## WHAT YOU ARE ASKED TO DO:
Your response should contain only the lines running from the top of the data below through the line with "Kentucky Colonels Artis", both included. Pictures must be omitted.

## DATA SEGMENT:
* * * *

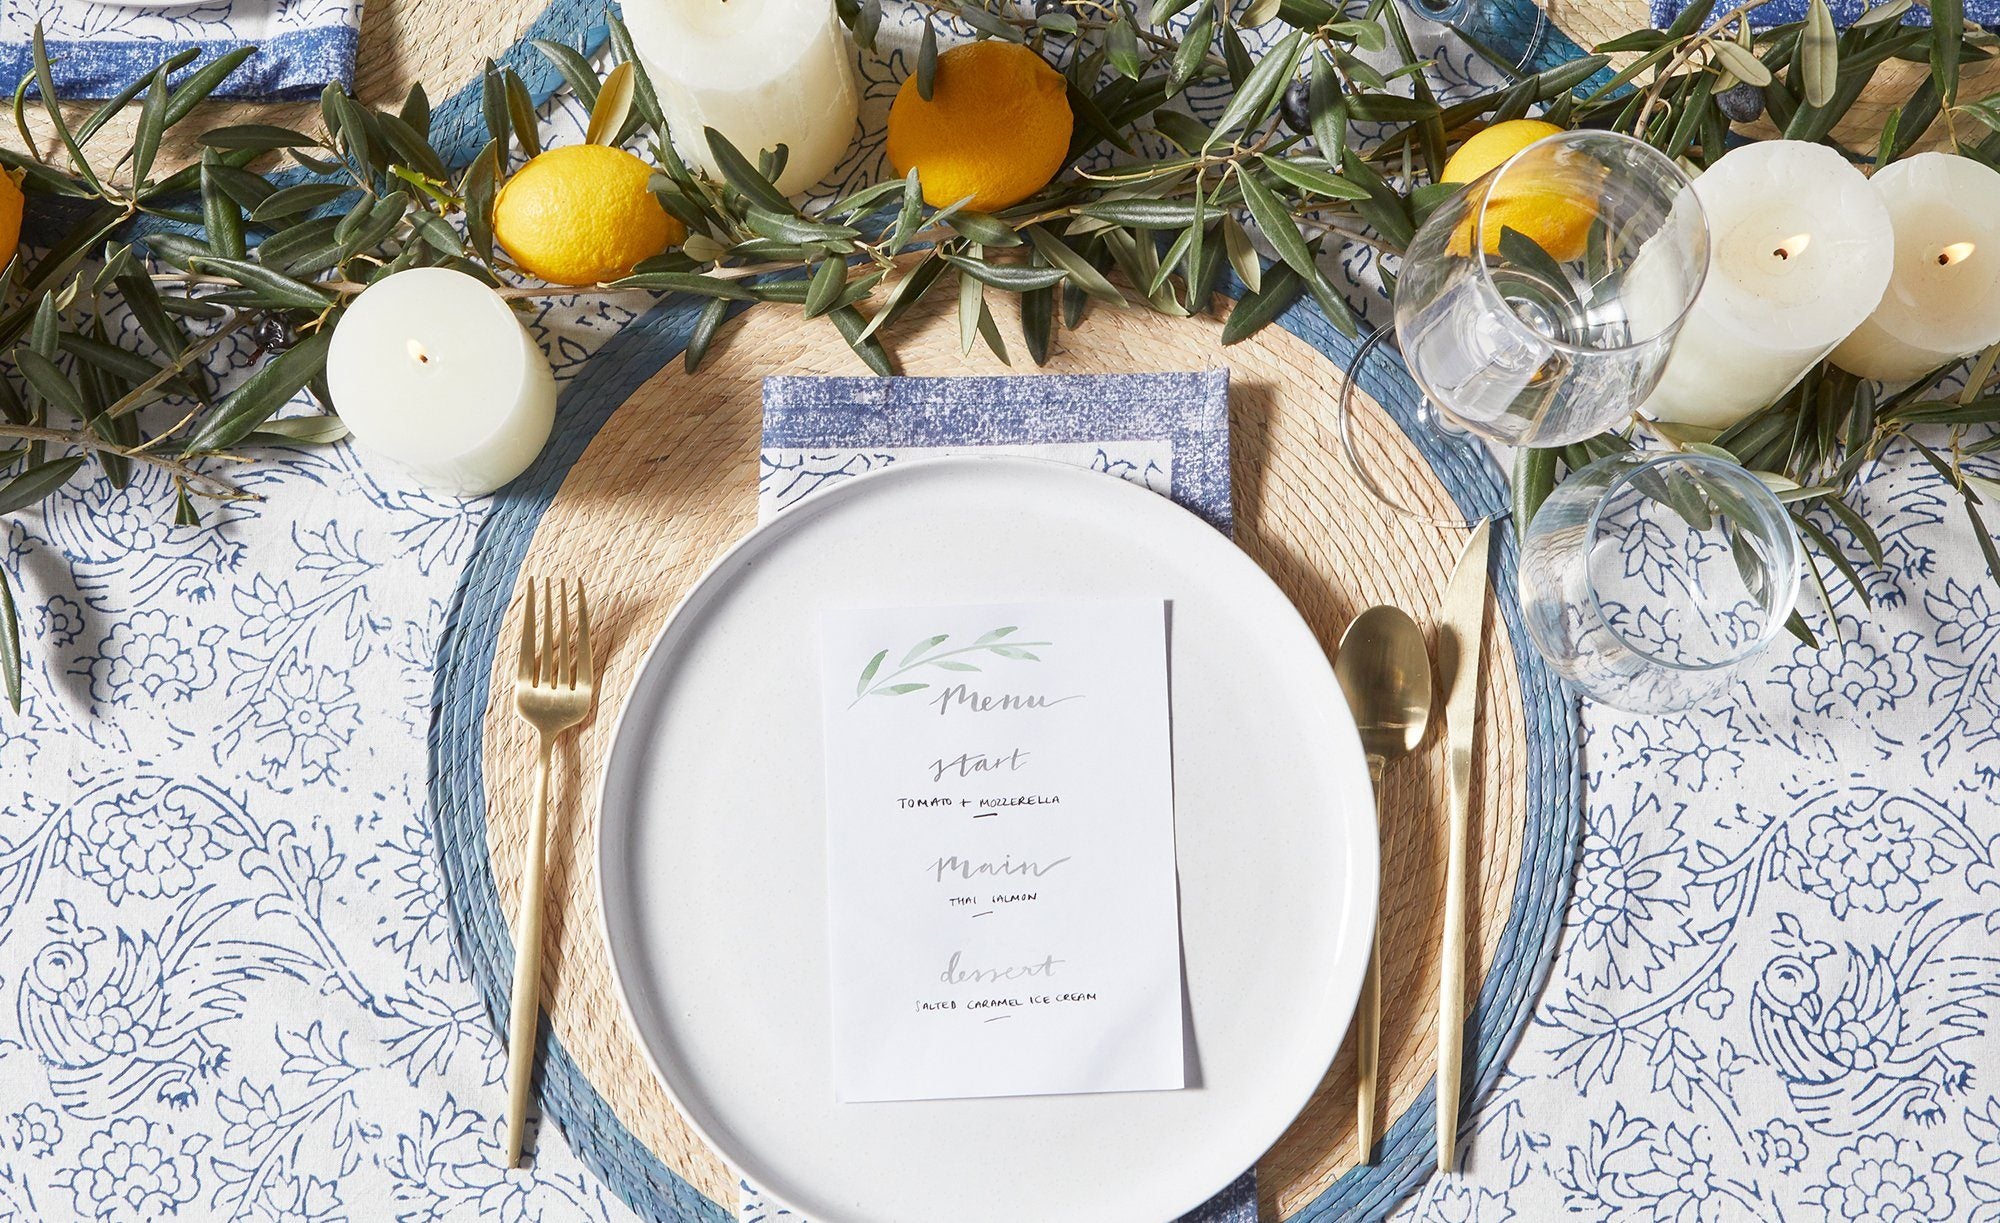 Get the Look | 3 Ways to Style a Wedding Table
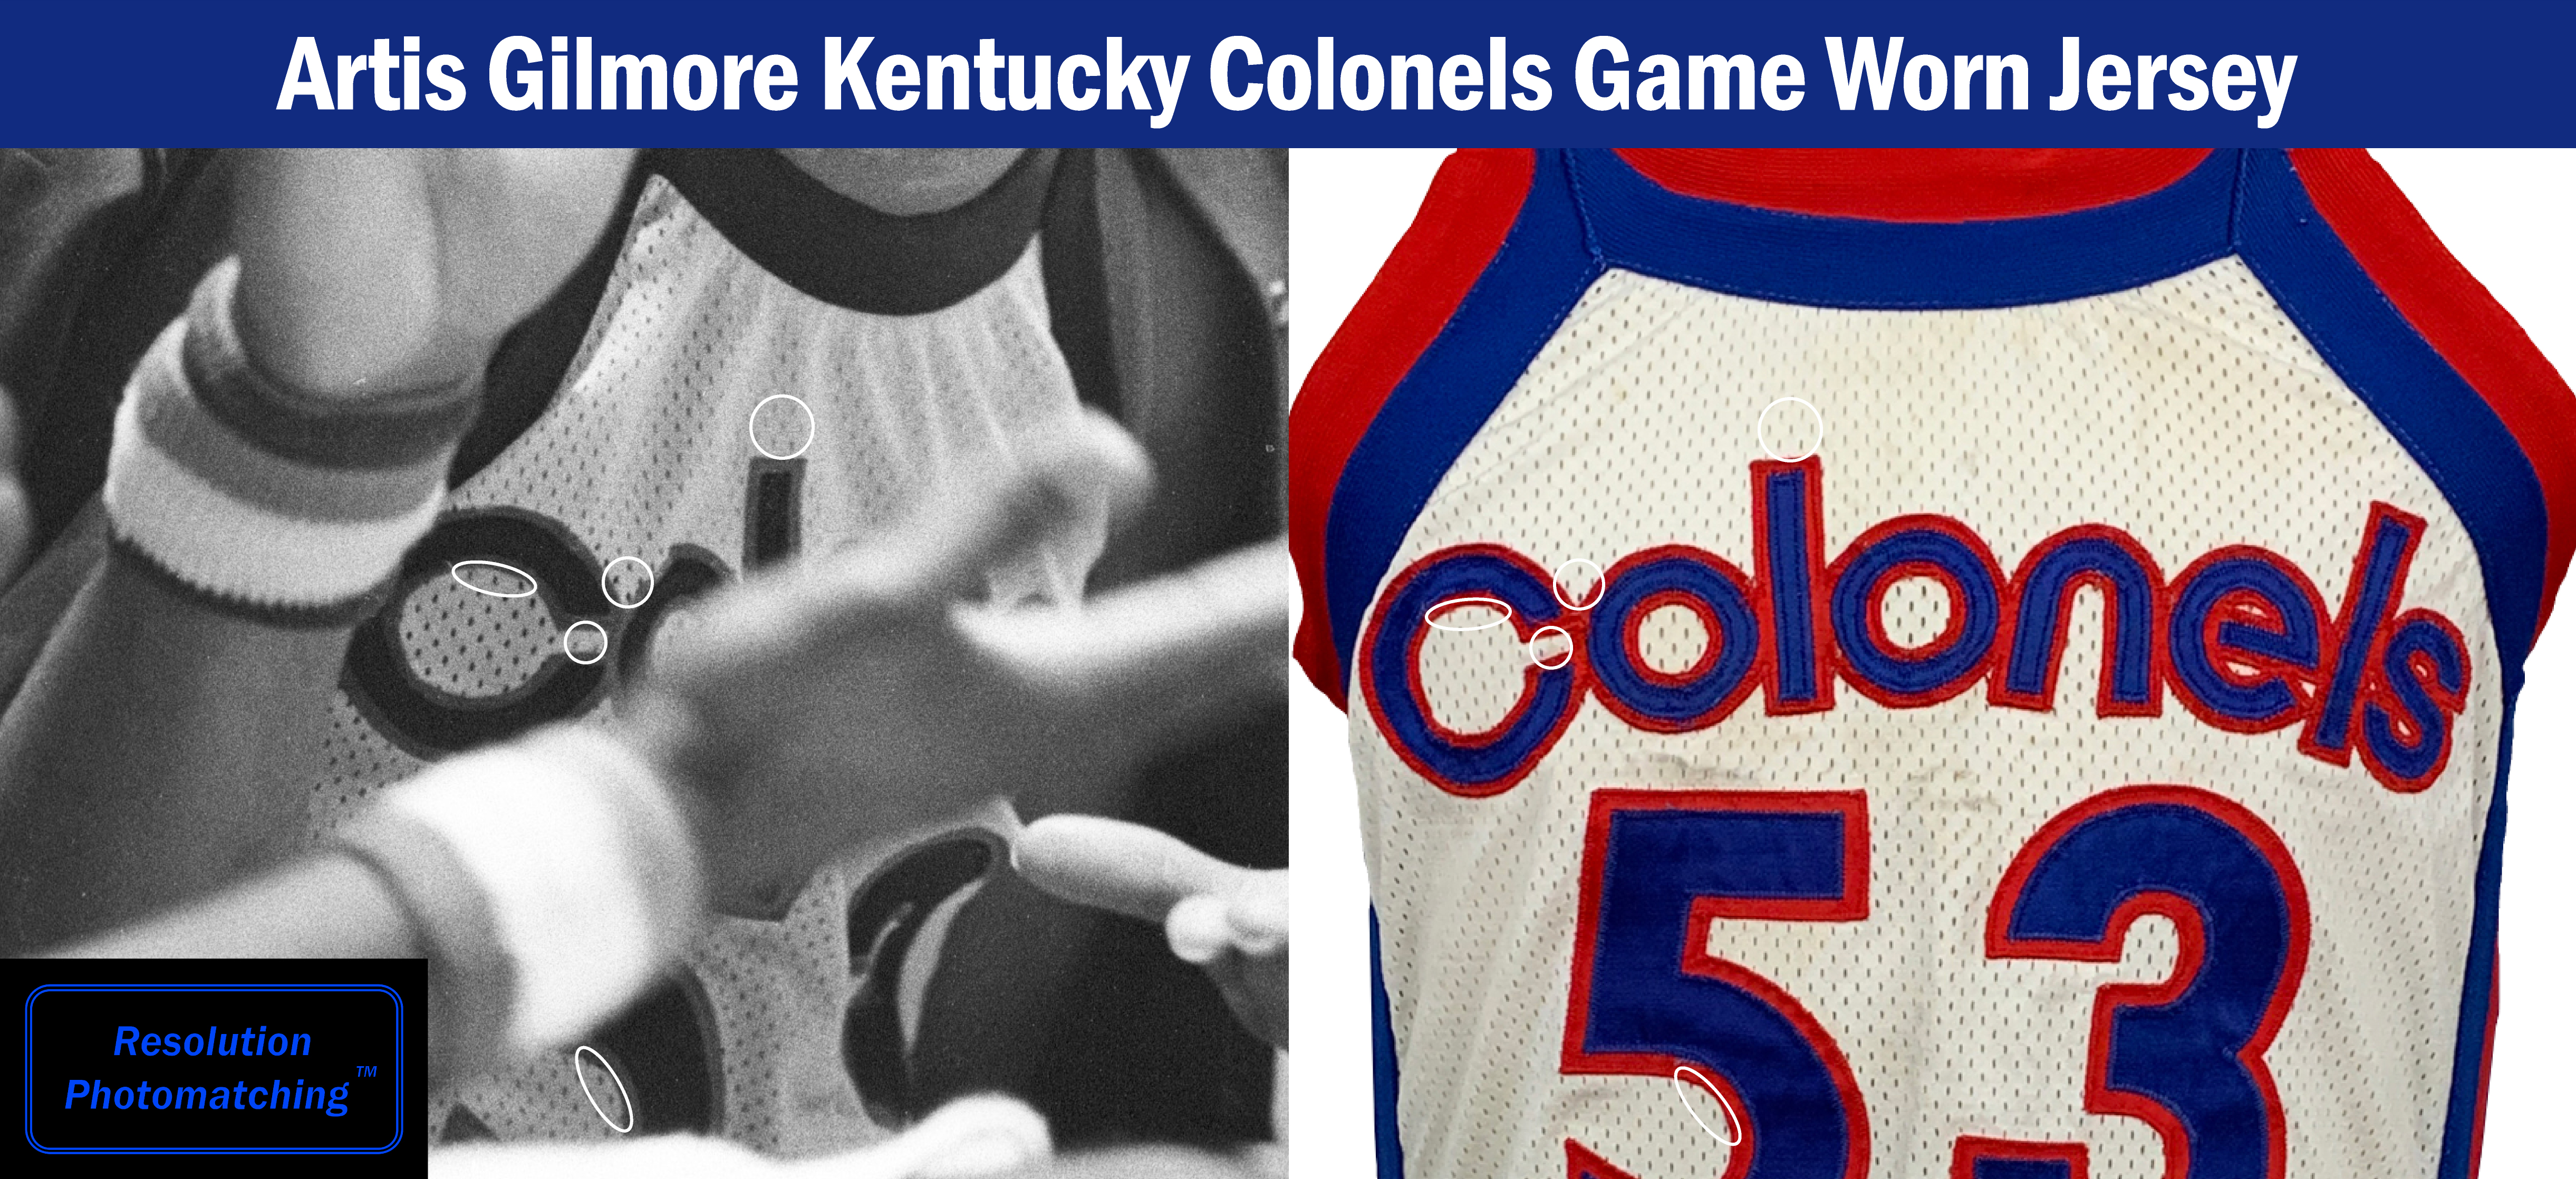 Kentucky Colonels Artis Gilmore Signed Blue Throwback Jersey w/72
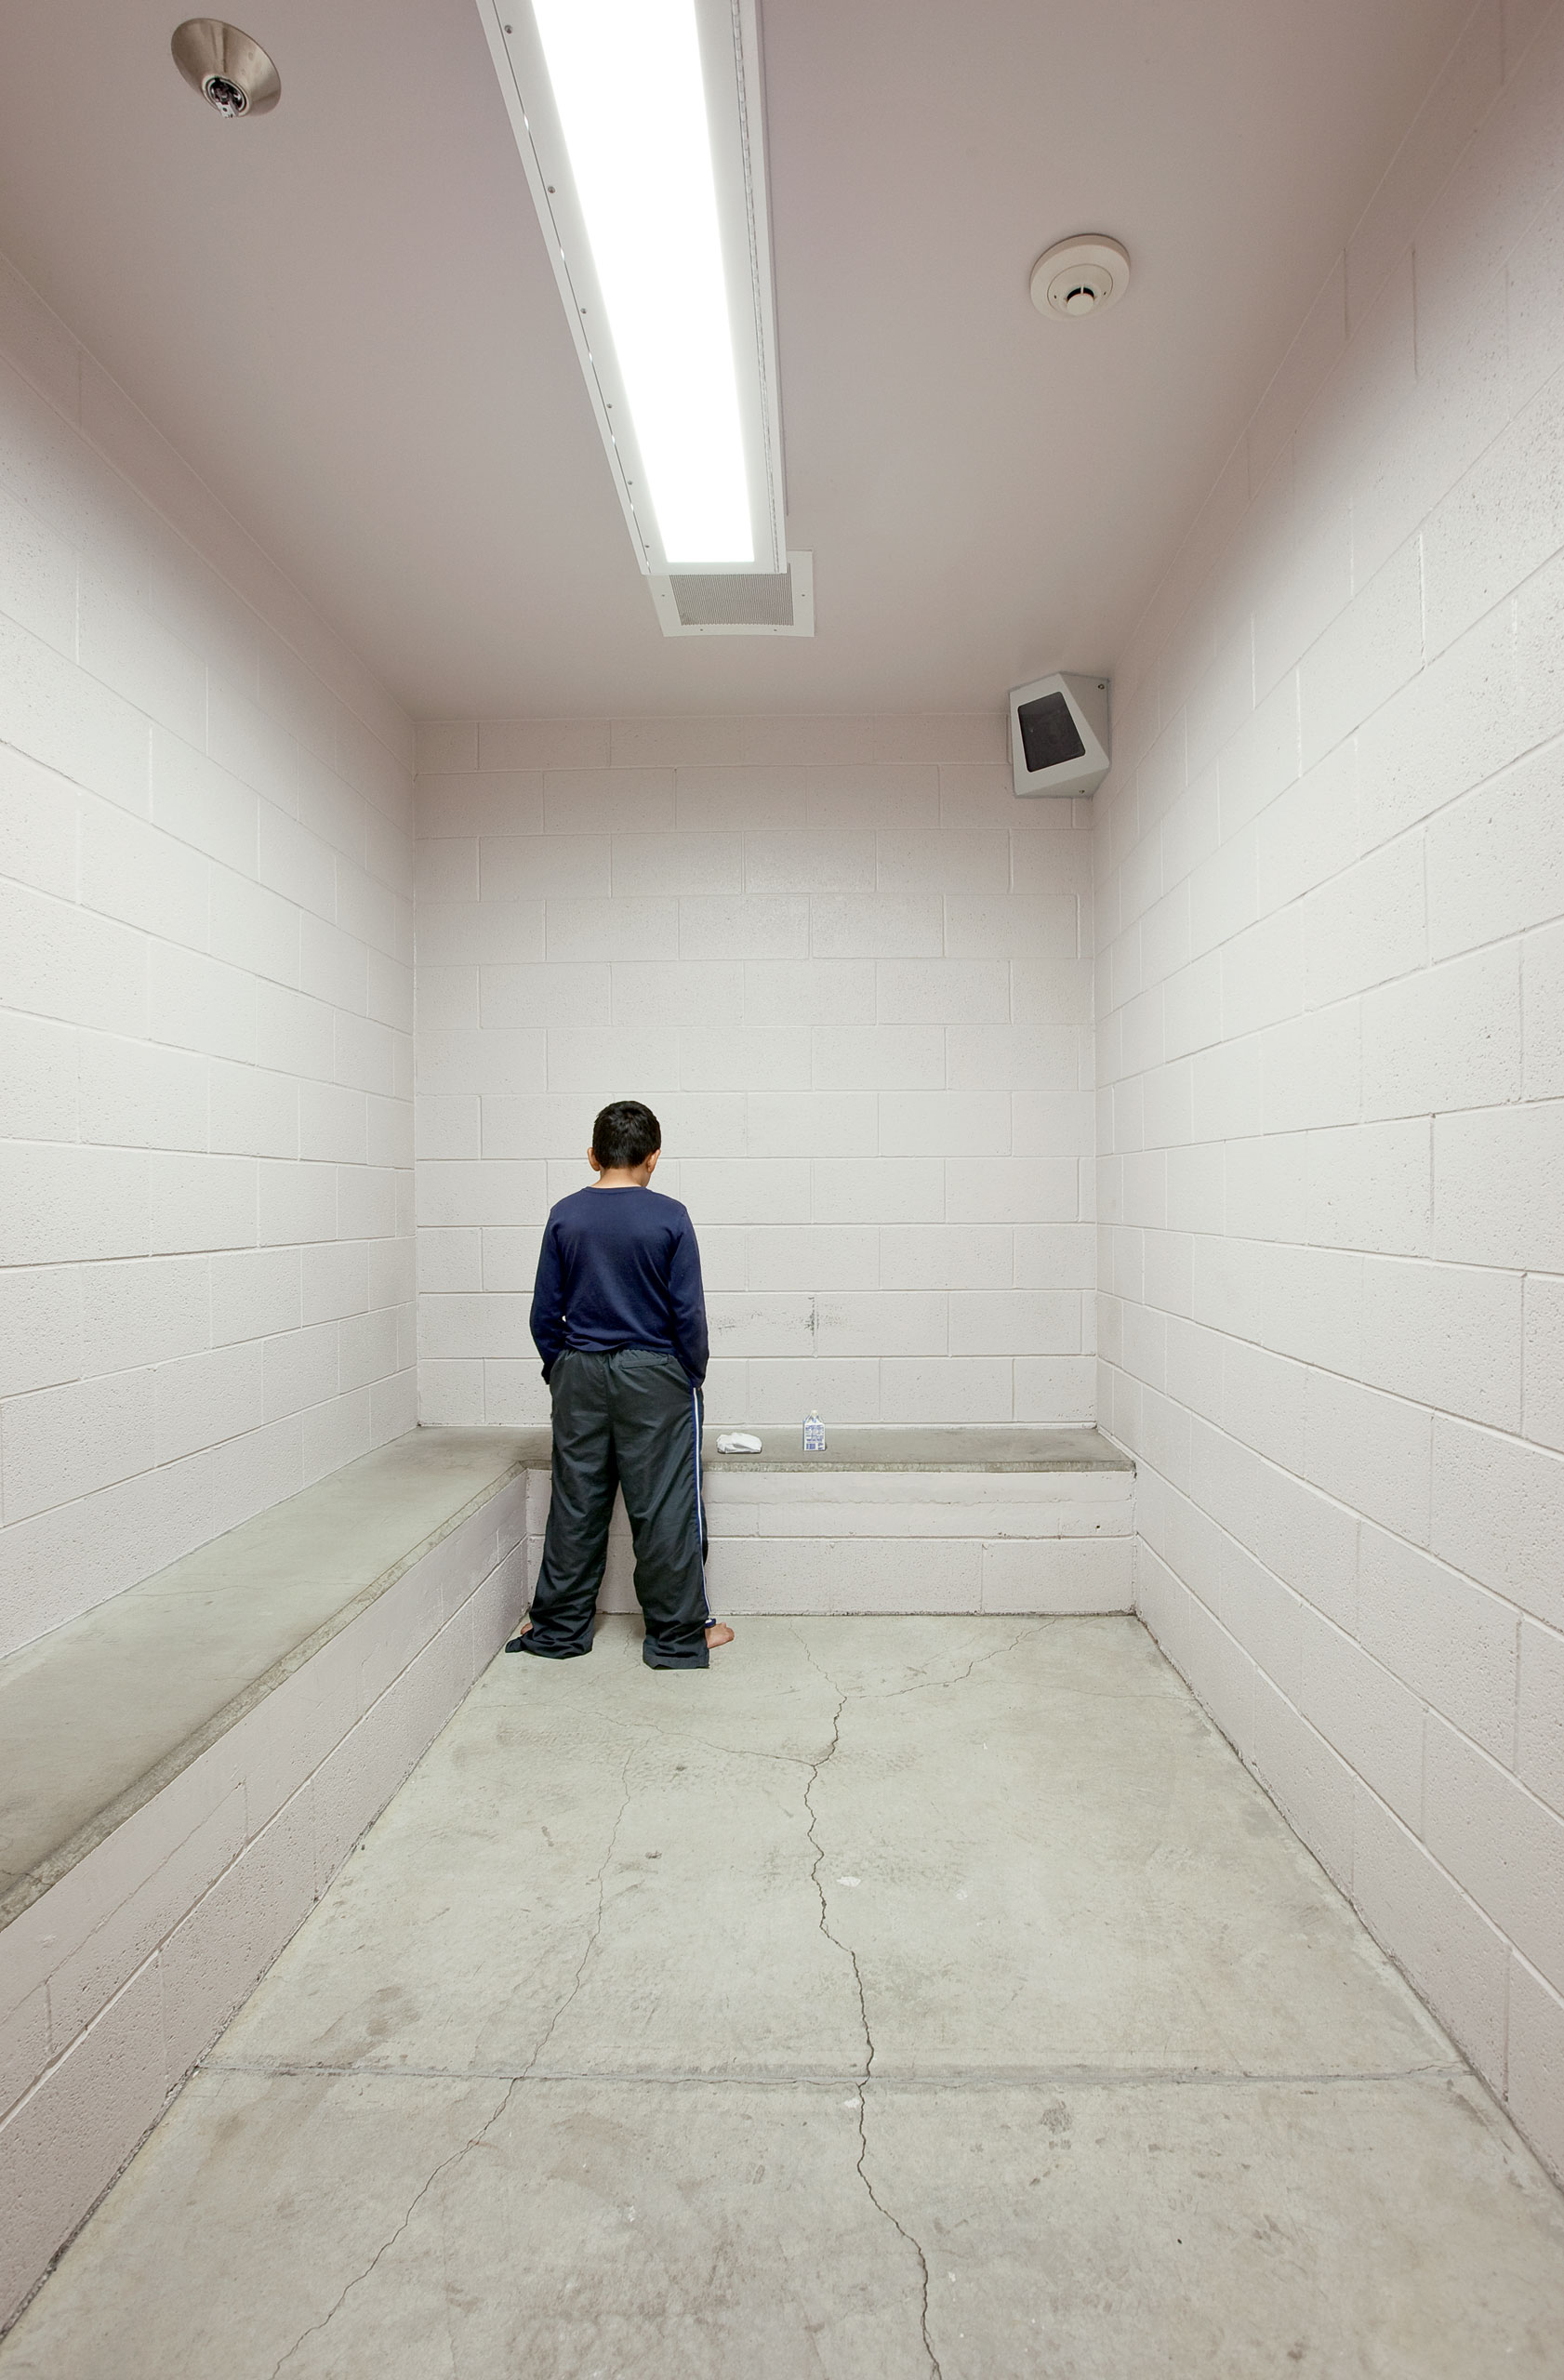 Washoe County Detention Facility, Reno, Nevada.BASICS: Built in 2004 for a capacity of 108, all are pre-adjudicated. The facility holds youth for up to 30 days before transferring them to commitment. PICTURED: R, age 10, a 5th grader, brought in from school by a policeman. He seemed tiny and timid, standing barefoot in oversized warm-up pants and a sweatshirt. He was waiting to be picked up by his mom, who couldn't come get him until she got off work, for fear of losing her job. He is checked on every five minutes. He stabbed a schoolmate- but it is unclear what the tool was, pencil, knife, fork... The Director of the facility tells me that one principal had an 8-year-old brought in for swiping a bagel off his desk. The director says, this is not the place for these offenses.

* * * *

## EXERCISE RESULT:
 Get the Look | 3 Ways to Style a Wedding Table
 Kentucky Colonels Artis Gilmore Signed Blue Throwback Jersey w/72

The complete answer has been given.